My primary concerns arise when I examine Figure 7. I'm curious about the methodology behind calculating the conservation and quality metric. It seems that these scores are derived solely from the provided sequences, such as the six sequences for T1093-D1. Consequently, I question the significance of these metrics.
One could argue that it's possible to achieve high scores for conservation, quality, or other metrics by simply inspecting the original MSA, identifying the region with the highest conservation metric, and selecting it as a segment. This segment could then be augmented by inserting arbitrary amino acids at random positions occasionally. Such a process could potentially yield perfect conservation scores, quality scores, and so on.
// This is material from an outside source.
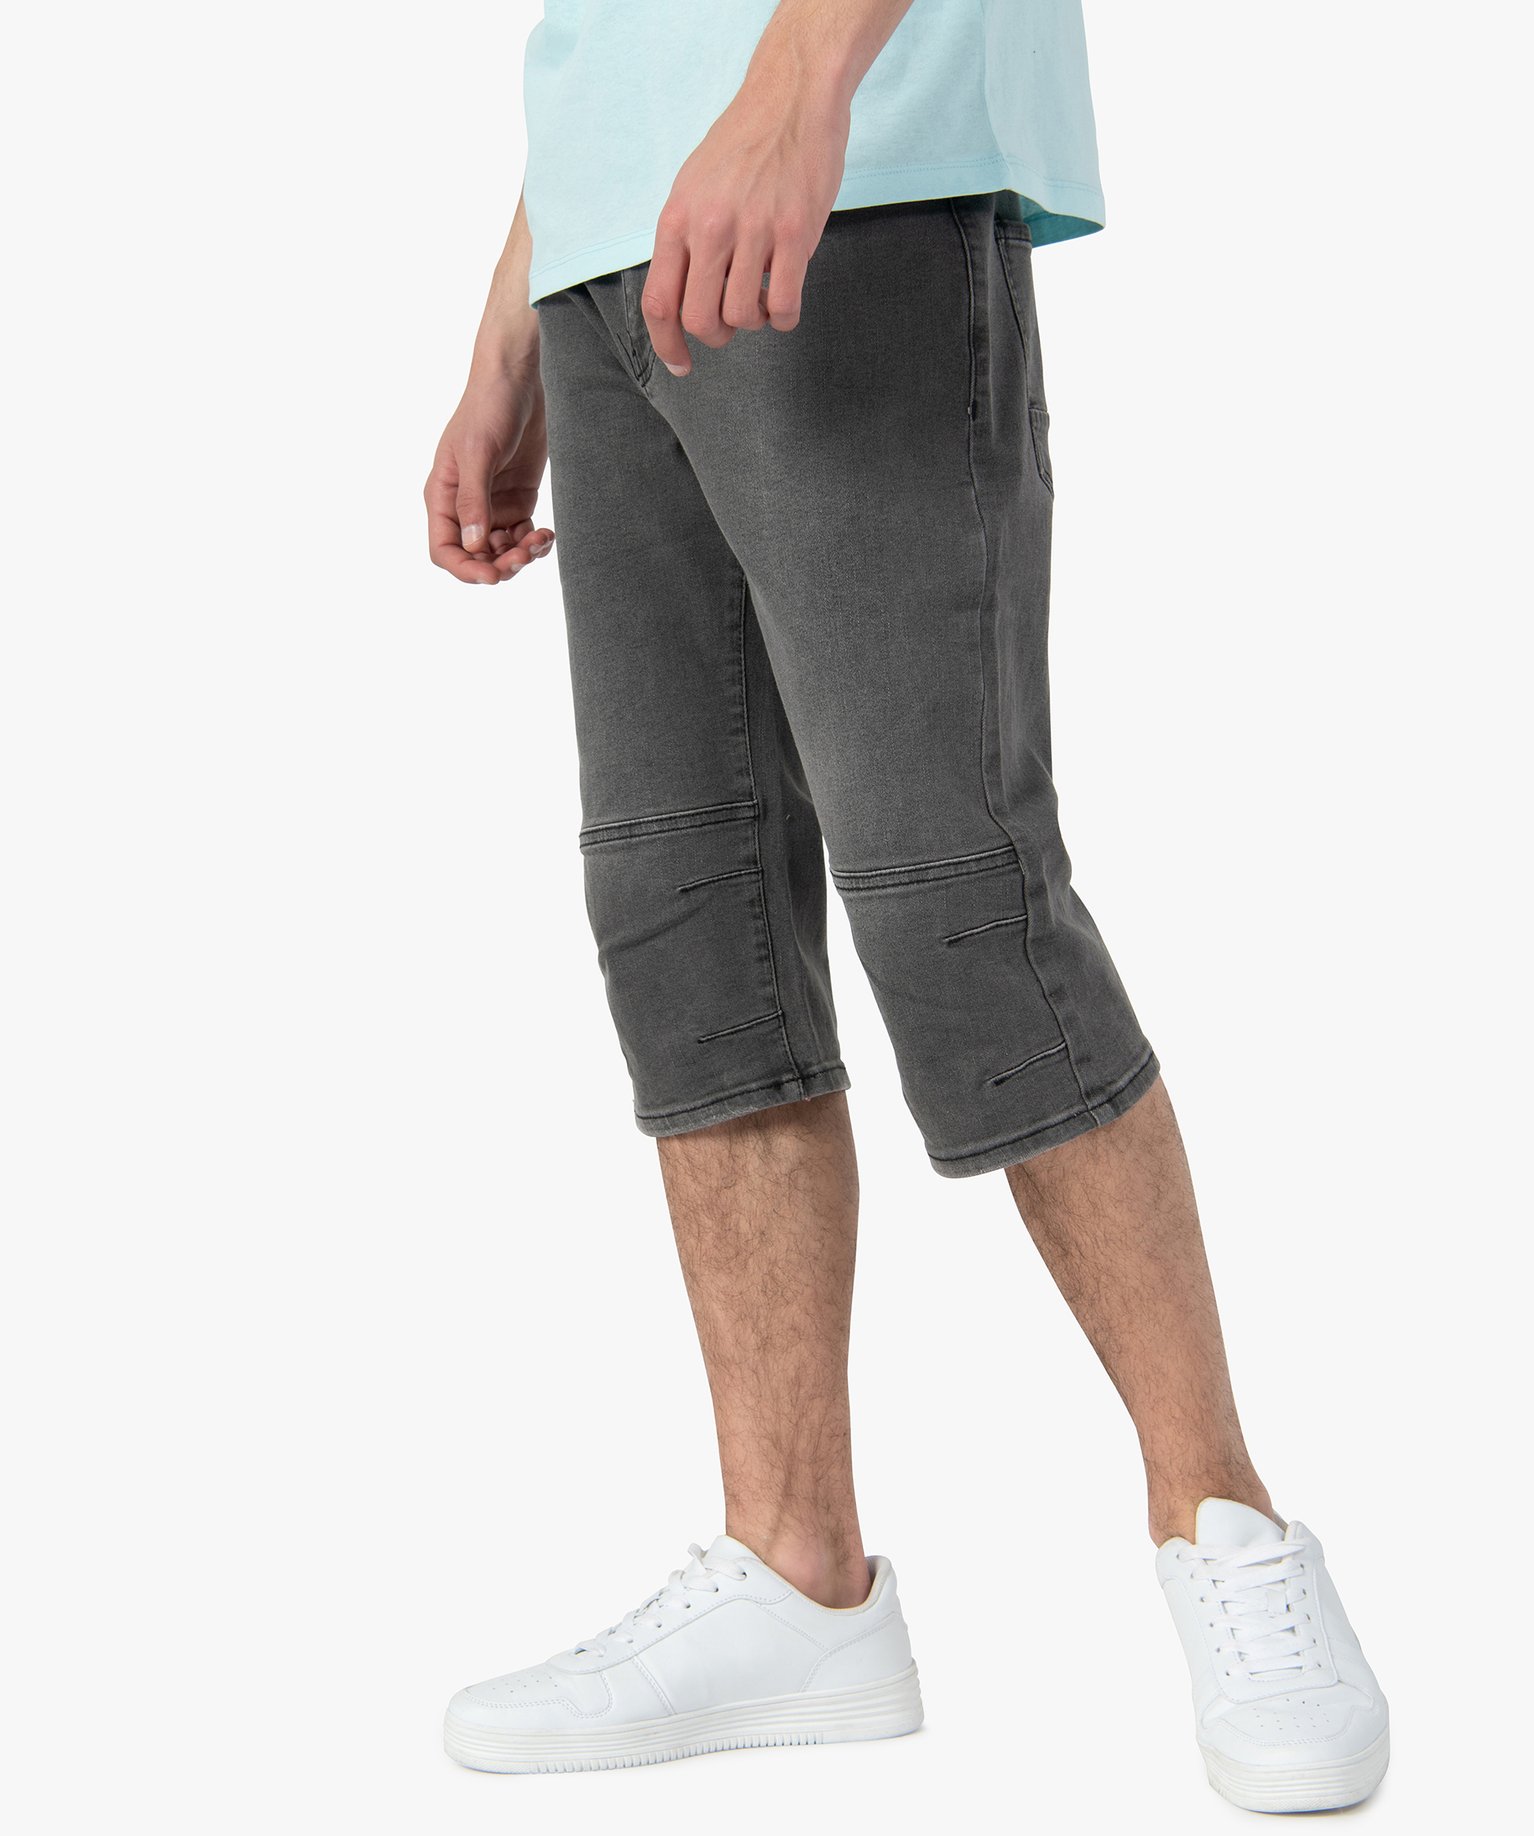 bermudapantacourt homme en jean legerement delave gris
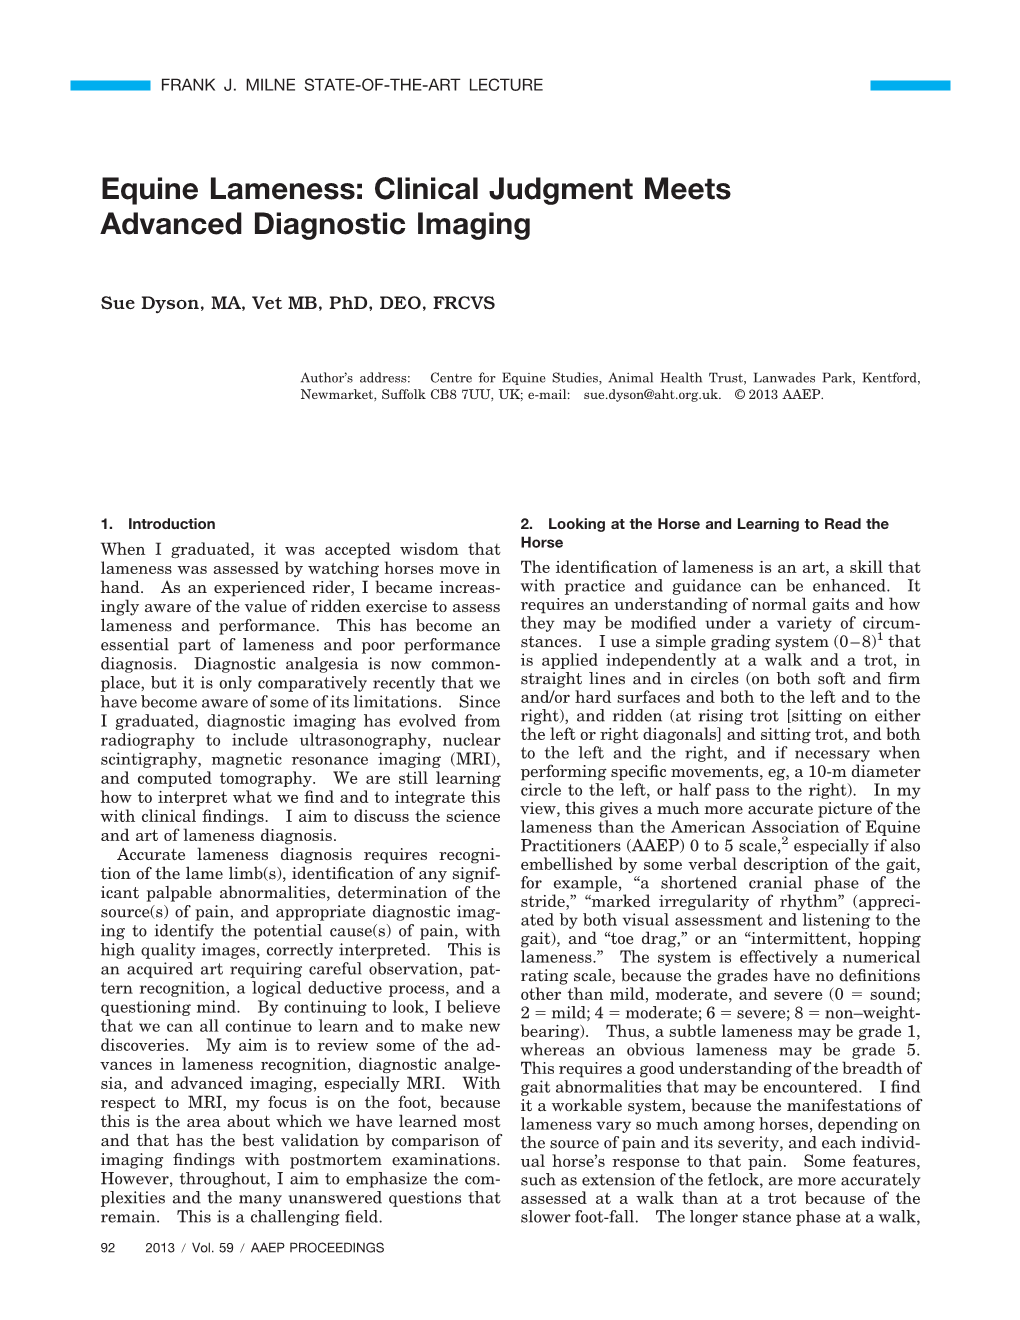 Equine Lameness: Clinical Judgment Meets Advanced Diagnostic Imaging

This concern also ties into my second question: What would the pLDDT score be if I were to employ the aforementioned approach to augment the original MSA?
In Section 4.5, the authors make a comparison with Iterative Unmask; however, they do not provide a comparison of the pLDDT scores using this baseline method. Additionally, there is some ambiguity regarding the dataset used for the analysis. It remains unclear which sets of sequences were used by the authors to construct the Position-Specific Scoring Matrix (PSSM) and what the correlation coefficients are when employing Iterative Unmask.
问题
Please refer to the above section.
Answer 1
We appreciate the reviewer's suggestions and will include them in our revision. Our work differs from the VAE-based methods mentioned in key ways:
- Our method is tailored for MSA generation, emphasizing unsupervised generative pretraining for zero-shot downstream tasks. This is a capability not present in the cited VAE-based methods, which demonstrate a limited capacity in producing effective sequences across diverse domains.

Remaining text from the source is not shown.